Your task: All of the entries need to be repeated exactly. Leave nothing out.

________________________

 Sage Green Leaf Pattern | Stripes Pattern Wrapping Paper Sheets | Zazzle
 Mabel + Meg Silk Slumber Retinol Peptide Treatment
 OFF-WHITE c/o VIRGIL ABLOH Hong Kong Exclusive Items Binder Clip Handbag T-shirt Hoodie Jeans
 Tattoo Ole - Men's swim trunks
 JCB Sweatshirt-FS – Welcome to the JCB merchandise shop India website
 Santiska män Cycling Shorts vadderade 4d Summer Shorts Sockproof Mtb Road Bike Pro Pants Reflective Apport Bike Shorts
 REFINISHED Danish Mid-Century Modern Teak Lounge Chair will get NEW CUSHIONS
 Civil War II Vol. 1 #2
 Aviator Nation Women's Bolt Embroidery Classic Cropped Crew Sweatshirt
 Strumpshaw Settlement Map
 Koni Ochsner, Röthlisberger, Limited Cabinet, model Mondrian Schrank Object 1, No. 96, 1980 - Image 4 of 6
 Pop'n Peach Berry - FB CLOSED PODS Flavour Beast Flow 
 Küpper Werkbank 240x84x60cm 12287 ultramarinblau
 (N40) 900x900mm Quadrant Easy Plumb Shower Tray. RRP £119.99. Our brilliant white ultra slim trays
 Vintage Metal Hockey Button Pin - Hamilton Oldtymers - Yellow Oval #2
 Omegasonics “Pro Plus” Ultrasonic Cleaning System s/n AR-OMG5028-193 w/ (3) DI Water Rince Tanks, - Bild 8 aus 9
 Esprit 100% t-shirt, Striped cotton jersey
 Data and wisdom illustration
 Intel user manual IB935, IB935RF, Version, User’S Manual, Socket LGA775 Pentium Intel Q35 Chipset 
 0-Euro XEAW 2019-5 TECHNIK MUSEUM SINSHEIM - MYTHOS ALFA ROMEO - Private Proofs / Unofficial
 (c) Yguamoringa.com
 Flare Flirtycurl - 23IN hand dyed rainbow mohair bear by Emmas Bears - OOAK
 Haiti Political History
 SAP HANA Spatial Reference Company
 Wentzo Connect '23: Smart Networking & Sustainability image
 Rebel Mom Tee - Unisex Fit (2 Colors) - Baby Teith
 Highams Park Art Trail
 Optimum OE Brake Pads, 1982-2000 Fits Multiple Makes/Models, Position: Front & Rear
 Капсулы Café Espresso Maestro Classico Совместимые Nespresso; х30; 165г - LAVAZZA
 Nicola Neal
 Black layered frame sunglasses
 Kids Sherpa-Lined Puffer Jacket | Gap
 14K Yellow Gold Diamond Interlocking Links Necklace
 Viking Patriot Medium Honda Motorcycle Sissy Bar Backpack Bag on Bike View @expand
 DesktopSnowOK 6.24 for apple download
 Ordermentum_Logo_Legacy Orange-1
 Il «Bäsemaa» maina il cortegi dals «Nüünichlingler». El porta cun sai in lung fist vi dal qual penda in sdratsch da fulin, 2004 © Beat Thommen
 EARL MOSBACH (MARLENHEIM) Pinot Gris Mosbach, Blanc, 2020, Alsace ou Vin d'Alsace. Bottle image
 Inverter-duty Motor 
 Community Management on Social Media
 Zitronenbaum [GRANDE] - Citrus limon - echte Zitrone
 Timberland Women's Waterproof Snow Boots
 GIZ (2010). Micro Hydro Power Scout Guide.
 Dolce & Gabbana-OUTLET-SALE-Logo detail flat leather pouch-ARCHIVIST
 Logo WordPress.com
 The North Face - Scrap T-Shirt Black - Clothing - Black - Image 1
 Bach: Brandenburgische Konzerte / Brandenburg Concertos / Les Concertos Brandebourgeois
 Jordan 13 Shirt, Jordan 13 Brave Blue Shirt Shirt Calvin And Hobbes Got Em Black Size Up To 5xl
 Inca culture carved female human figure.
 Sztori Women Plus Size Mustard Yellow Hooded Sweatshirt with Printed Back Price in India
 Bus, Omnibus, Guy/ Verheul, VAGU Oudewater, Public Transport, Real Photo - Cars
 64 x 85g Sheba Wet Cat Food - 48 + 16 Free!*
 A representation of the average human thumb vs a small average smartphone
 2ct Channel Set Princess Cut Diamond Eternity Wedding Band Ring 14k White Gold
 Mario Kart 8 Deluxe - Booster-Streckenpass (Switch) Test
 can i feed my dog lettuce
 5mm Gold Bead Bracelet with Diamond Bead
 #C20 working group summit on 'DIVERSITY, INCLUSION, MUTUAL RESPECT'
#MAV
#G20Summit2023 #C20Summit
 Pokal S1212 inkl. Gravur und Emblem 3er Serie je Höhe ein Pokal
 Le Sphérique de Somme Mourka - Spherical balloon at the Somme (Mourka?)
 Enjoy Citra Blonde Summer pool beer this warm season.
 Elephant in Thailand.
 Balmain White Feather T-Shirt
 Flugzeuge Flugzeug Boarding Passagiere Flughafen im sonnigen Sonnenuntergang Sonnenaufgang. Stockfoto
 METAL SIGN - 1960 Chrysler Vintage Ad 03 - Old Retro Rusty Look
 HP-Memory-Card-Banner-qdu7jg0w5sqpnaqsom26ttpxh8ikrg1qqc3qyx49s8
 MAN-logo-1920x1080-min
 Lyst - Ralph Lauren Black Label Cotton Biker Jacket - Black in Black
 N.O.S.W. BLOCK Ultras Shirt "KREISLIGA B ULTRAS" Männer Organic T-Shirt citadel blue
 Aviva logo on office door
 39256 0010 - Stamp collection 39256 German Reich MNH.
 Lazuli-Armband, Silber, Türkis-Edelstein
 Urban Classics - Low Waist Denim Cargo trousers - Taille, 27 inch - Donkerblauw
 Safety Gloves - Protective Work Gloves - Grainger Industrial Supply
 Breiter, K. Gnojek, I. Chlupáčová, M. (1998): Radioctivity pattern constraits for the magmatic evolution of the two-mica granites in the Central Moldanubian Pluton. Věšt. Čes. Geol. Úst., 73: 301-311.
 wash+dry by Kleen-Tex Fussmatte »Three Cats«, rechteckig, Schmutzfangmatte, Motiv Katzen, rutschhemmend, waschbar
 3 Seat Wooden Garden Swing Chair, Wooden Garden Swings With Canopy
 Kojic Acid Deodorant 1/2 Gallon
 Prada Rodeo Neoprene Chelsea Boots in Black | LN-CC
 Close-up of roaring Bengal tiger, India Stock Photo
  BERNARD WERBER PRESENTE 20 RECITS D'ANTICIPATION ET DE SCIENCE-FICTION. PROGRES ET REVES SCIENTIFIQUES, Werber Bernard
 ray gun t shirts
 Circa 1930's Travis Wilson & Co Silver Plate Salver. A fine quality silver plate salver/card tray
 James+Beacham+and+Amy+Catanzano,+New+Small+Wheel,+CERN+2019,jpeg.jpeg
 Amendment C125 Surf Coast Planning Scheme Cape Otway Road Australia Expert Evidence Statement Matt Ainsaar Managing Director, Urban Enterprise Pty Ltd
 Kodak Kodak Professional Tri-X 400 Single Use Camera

________________________

Reply to the exercise:
 Sage Green Leaf Pattern | Stripes Pattern Wrapping Paper Sheets | Zazzle
 Mabel + Meg Silk Slumber Retinol Peptide Treatment
 OFF-WHITE c/o VIRGIL ABLOH Hong Kong Exclusive Items Binder Clip Handbag T-shirt Hoodie Jeans
 Tattoo Ole - Men's swim trunks
 JCB Sweatshirt-FS – Welcome to the JCB merchandise shop India website
 Santiska män Cycling Shorts vadderade 4d Summer Shorts Sockproof Mtb Road Bike Pro Pants Reflective Apport Bike Shorts
 REFINISHED Danish Mid-Century Modern Teak Lounge Chair will get NEW CUSHIONS
 Civil War II Vol. 1 #2
 Aviator Nation Women's Bolt Embroidery Classic Cropped Crew Sweatshirt
 Strumpshaw Settlement Map
 Koni Ochsner, Röthlisberger, Limited Cabinet, model Mondrian Schrank Object 1, No. 96, 1980 - Image 4 of 6
 Pop'n Peach Berry - FB CLOSED PODS Flavour Beast Flow 
 Küpper Werkbank 240x84x60cm 12287 ultramarinblau
 (N40) 900x900mm Quadrant Easy Plumb Shower Tray. RRP £119.99. Our brilliant white ultra slim trays
 Vintage Metal Hockey Button Pin - Hamilton Oldtymers - Yellow Oval #2
 Omegasonics “Pro Plus” Ultrasonic Cleaning System s/n AR-OMG5028-193 w/ (3) DI Water Rince Tanks, - Bild 8 aus 9
 Esprit 100% t-shirt, Striped cotton jersey
 Data and wisdom illustration
 Intel user manual IB935, IB935RF, Version, User’S Manual, Socket LGA775 Pentium Intel Q35 Chipset 
 0-Euro XEAW 2019-5 TECHNIK MUSEUM SINSHEIM - MYTHOS ALFA ROMEO - Private Proofs / Unofficial
 (c) Yguamoringa.com
 Flare Flirtycurl - 23IN hand dyed rainbow mohair bear by Emmas Bears - OOAK
 Haiti Political History
 SAP HANA Spatial Reference Company
 Wentzo Connect '23: Smart Networking & Sustainability image
 Rebel Mom Tee - Unisex Fit (2 Colors) - Baby Teith
 Highams Park Art Trail
 Optimum OE Brake Pads, 1982-2000 Fits Multiple Makes/Models, Position: Front & Rear
 Капсулы Café Espresso Maestro Classico Совместимые Nespresso; х30; 165г - LAVAZZA
 Nicola Neal
 Black layered frame sunglasses
 Kids Sherpa-Lined Puffer Jacket | Gap
 14K Yellow Gold Diamond Interlocking Links Necklace
 Viking Patriot Medium Honda Motorcycle Sissy Bar Backpack Bag on Bike View @expand
 DesktopSnowOK 6.24 for apple download
 Ordermentum_Logo_Legacy Orange-1
 Il «Bäsemaa» maina il cortegi dals «Nüünichlingler». El porta cun sai in lung fist vi dal qual penda in sdratsch da fulin, 2004 © Beat Thommen
 EARL MOSBACH (MARLENHEIM) Pinot Gris Mosbach, Blanc, 2020, Alsace ou Vin d'Alsace. Bottle image
 Inverter-duty Motor 
 Community Management on Social Media
 Zitronenbaum [GRANDE] - Citrus limon - echte Zitrone
 Timberland Women's Waterproof Snow Boots
 GIZ (2010). Micro Hydro Power Scout Guide.
 Dolce & Gabbana-OUTLET-SALE-Logo detail flat leather pouch-ARCHIVIST
 Logo WordPress.com
 The North Face - Scrap T-Shirt Black - Clothing - Black - Image 1
 Bach: Brandenburgische Konzerte / Brandenburg Concertos / Les Concertos Brandebourgeois
 Jordan 13 Shirt, Jordan 13 Brave Blue Shirt Shirt Calvin And Hobbes Got Em Black Size Up To 5xl
 Inca culture carved female human figure.
 Sztori Women Plus Size Mustard Yellow Hooded Sweatshirt with Printed Back Price in India
 Bus, Omnibus, Guy/ Verheul, VAGU Oudewater, Public Transport, Real Photo - Cars
 64 x 85g Sheba Wet Cat Food - 48 + 16 Free!*
 A representation of the average human thumb vs a small average smartphone
 2ct Channel Set Princess Cut Diamond Eternity Wedding Band Ring 14k White Gold
 Mario Kart 8 Deluxe - Booster-Streckenpass (Switch) Test
 can i feed my dog lettuce
 5mm Gold Bead Bracelet with Diamond Bead
 #C20 working group summit on 'DIVERSITY, INCLUSION, MUTUAL RESPECT'
#MAV
#G20Summit2023 #C20Summit
 Pokal S1212 inkl. Gravur und Emblem 3er Serie je Höhe ein Pokal
 Le Sphérique de Somme Mourka - Spherical balloon at the Somme (Mourka?)
 Enjoy Citra Blonde Summer pool beer this warm season.
 Elephant in Thailand.
 Balmain White Feather T-Shirt
 Flugzeuge Flugzeug Boarding Passagiere Flughafen im sonnigen Sonnenuntergang Sonnenaufgang. Stockfoto
 METAL SIGN - 1960 Chrysler Vintage Ad 03 - Old Retro Rusty Look
 HP-Memory-Card-Banner-qdu7jg0w5sqpnaqsom26ttpxh8ikrg1qqc3qyx49s8
 MAN-logo-1920x1080-min
 Lyst - Ralph Lauren Black Label Cotton Biker Jacket - Black in Black
 N.O.S.W. BLOCK Ultras Shirt "KREISLIGA B ULTRAS" Männer Organic T-Shirt citadel blue
 Aviva logo on office door
 39256 0010 - Stamp collection 39256 German Reich MNH.
 Lazuli-Armband, Silber, Türkis-Edelstein
 Urban Classics - Low Waist Denim Cargo trousers - Taille, 27 inch - Donkerblauw
 Safety Gloves - Protective Work Gloves - Grainger Industrial Supply
 Breiter, K. Gnojek, I. Chlupáčová, M. (1998): Radioctivity pattern constraits for the magmatic evolution of the two-mica granites in the Central Moldanubian Pluton. Věšt. Čes. Geol. Úst., 73: 301-311.
 wash+dry by Kleen-Tex Fussmatte »Three Cats«, rechteckig, Schmutzfangmatte, Motiv Katzen, rutschhemmend, waschbar
 3 Seat Wooden Garden Swing Chair, Wooden Garden Swings With Canopy
 Kojic Acid Deodorant 1/2 Gallon
 Prada Rodeo Neoprene Chelsea Boots in Black | LN-CC
 Close-up of roaring Bengal tiger, India Stock Photo
  BERNARD WERBER PRESENTE 20 RECITS D'ANTICIPATION ET DE SCIENCE-FICTION. PROGRES ET REVES SCIENTIFIQUES, Werber Bernard
 ray gun t shirts
 Circa 1930's Travis Wilson & Co Silver Plate Salver. A fine quality silver plate salver/card tray
 James+Beacham+and+Amy+Catanzano,+New+Small+Wheel,+CERN+2019,jpeg.jpeg
 Amendment C125 Surf Coast Planning Scheme Cape Otway Road Australia Expert Evidence Statement Matt Ainsaar Managing Director, Urban Enterprise Pty Ltd
 Kodak Kodak Professional Tri-X 400 Single Use Camera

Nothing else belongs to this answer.